In my recent article about the realities of managing a virtualised infrastructure, I mentioned the need to patch offline virtual machine images. Whilst many offline images will be templates, they may still require operating system, security or application updates to ensure that they are not vulnerable when started (or when a cloned VM is created from a template).
Now Microsoft has a beta for a tool that will allow this – imaginatively named the Offline Virtual Machine Servicing Tool. Built on the Windows Workflow Foundation and PowerShell, it works with System Center Virtual Machine Manager and either System Center Configuration Manager or Windows Server Update Services to automate the process of applying operating system updates through the definition of servicing jobs.
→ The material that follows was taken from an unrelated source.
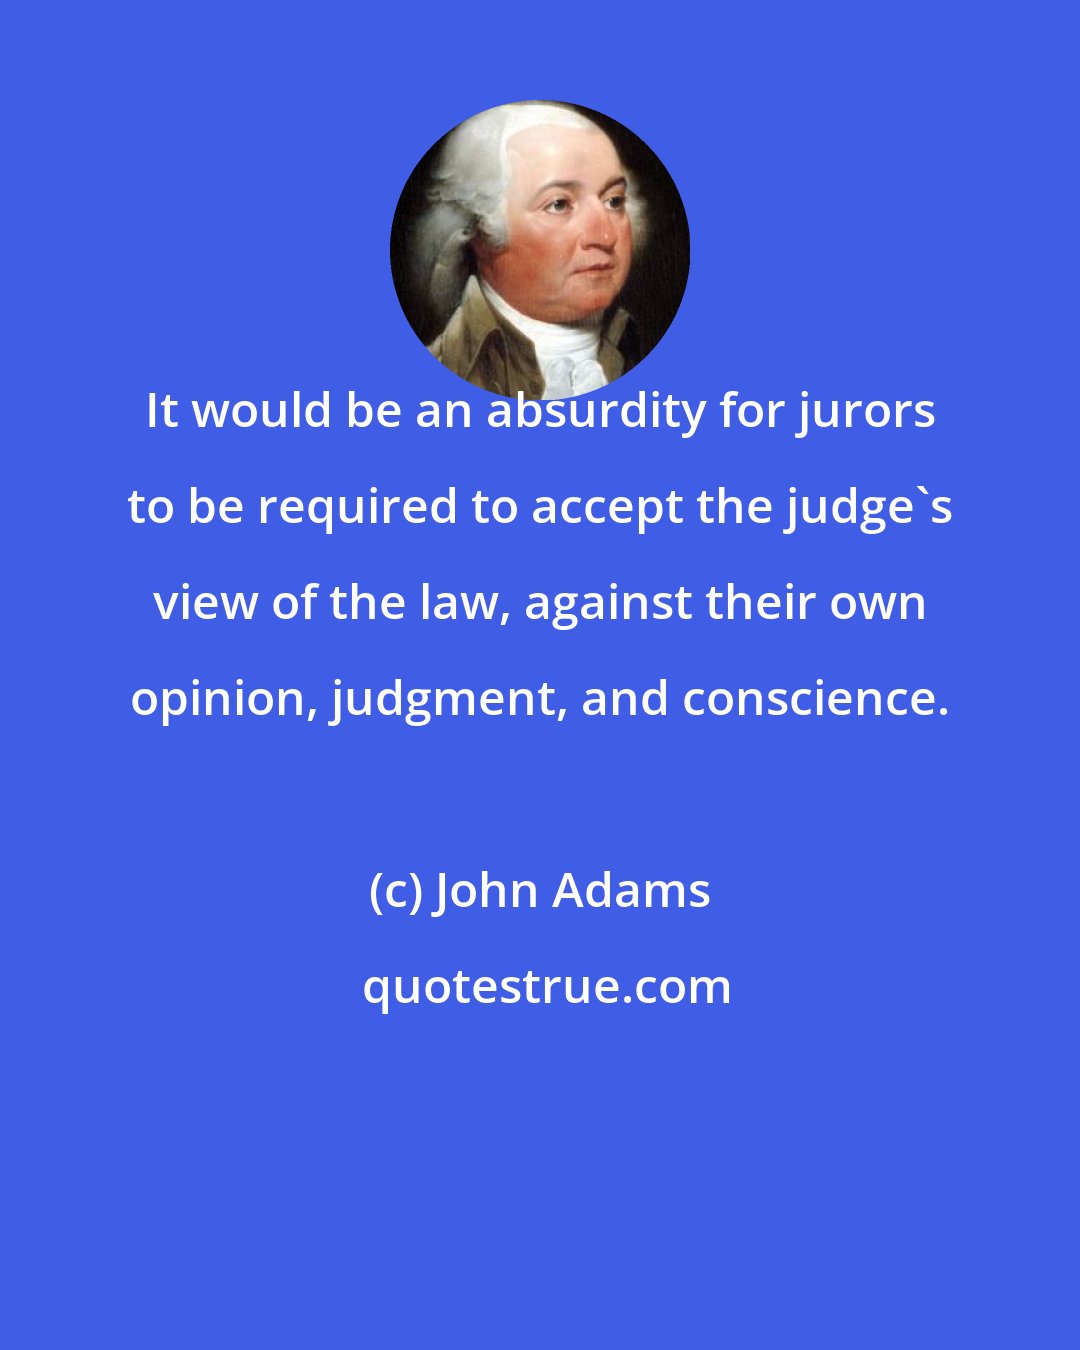 John Adams: It would be an absurdity for jurors to be required to accept the judge's view of the law, against their own opinion, judgment, and conscience.

Each job will:
- “Wake” the VM (deploy and start it).
- Trigger the appropriate update cycle.
- Shut down the VM and return it to the library.
Although I haven’t tried this yet, it does strike me that there is one potential pitfall to be aware of – sysprepped images for VM deployment templates will start into the Windows mini-setup wizard. I guess the workaround in such a scenario is to use tools from the Windows Automated Installation Kit (WAIK) to inject updates into the associated .WIM file and deploy VMs from image, rather than by cloning sysprepped VMs.
“I mentioned the need to patch offline virtual machine images.”
I haven’t read the mentioned article but there is as much ‘need’ to patch an offline virtual machine as there is a need to patch a physical server. The same applies for templates in the virtual world or installation media in the physical.
I don’t think it’s a “need” but it’s an opportunity that we have due to virtualization and there is a ‘need’ to exploit that opportunity. “…the need to patch offline virtual machine images.” sounds like this is some sort of disadvantage created by virtualization and a solution is ‘needed’.
Why am I talking about this? Because I feel that currently there are many “problems” being highlighted about virtualization that really aren’t or have to the same or similar degree existed in the physical world as well.
rgds
Osama Salah
…and if you had read the aforementioned article then you would have realised that it discusses how virtualisation is a great technology, but no panacea, and that how you manage the virtualised infrastructure is the difference between success and failure (just as it is in a physical environment, but more so with an extra layer of management to consider and many servers consolidated onto one physical platform).
Incidentally, I haven’t seen much evidence of people bringing up “problems” with virtualisation – more the opposite, with people ploughing in headfirst and not considering the consequences of how they will manage the virtualised infrastructure.
Just pointing out that VMware Virtual Infrastructure has this ability as well via its Update Manager utility.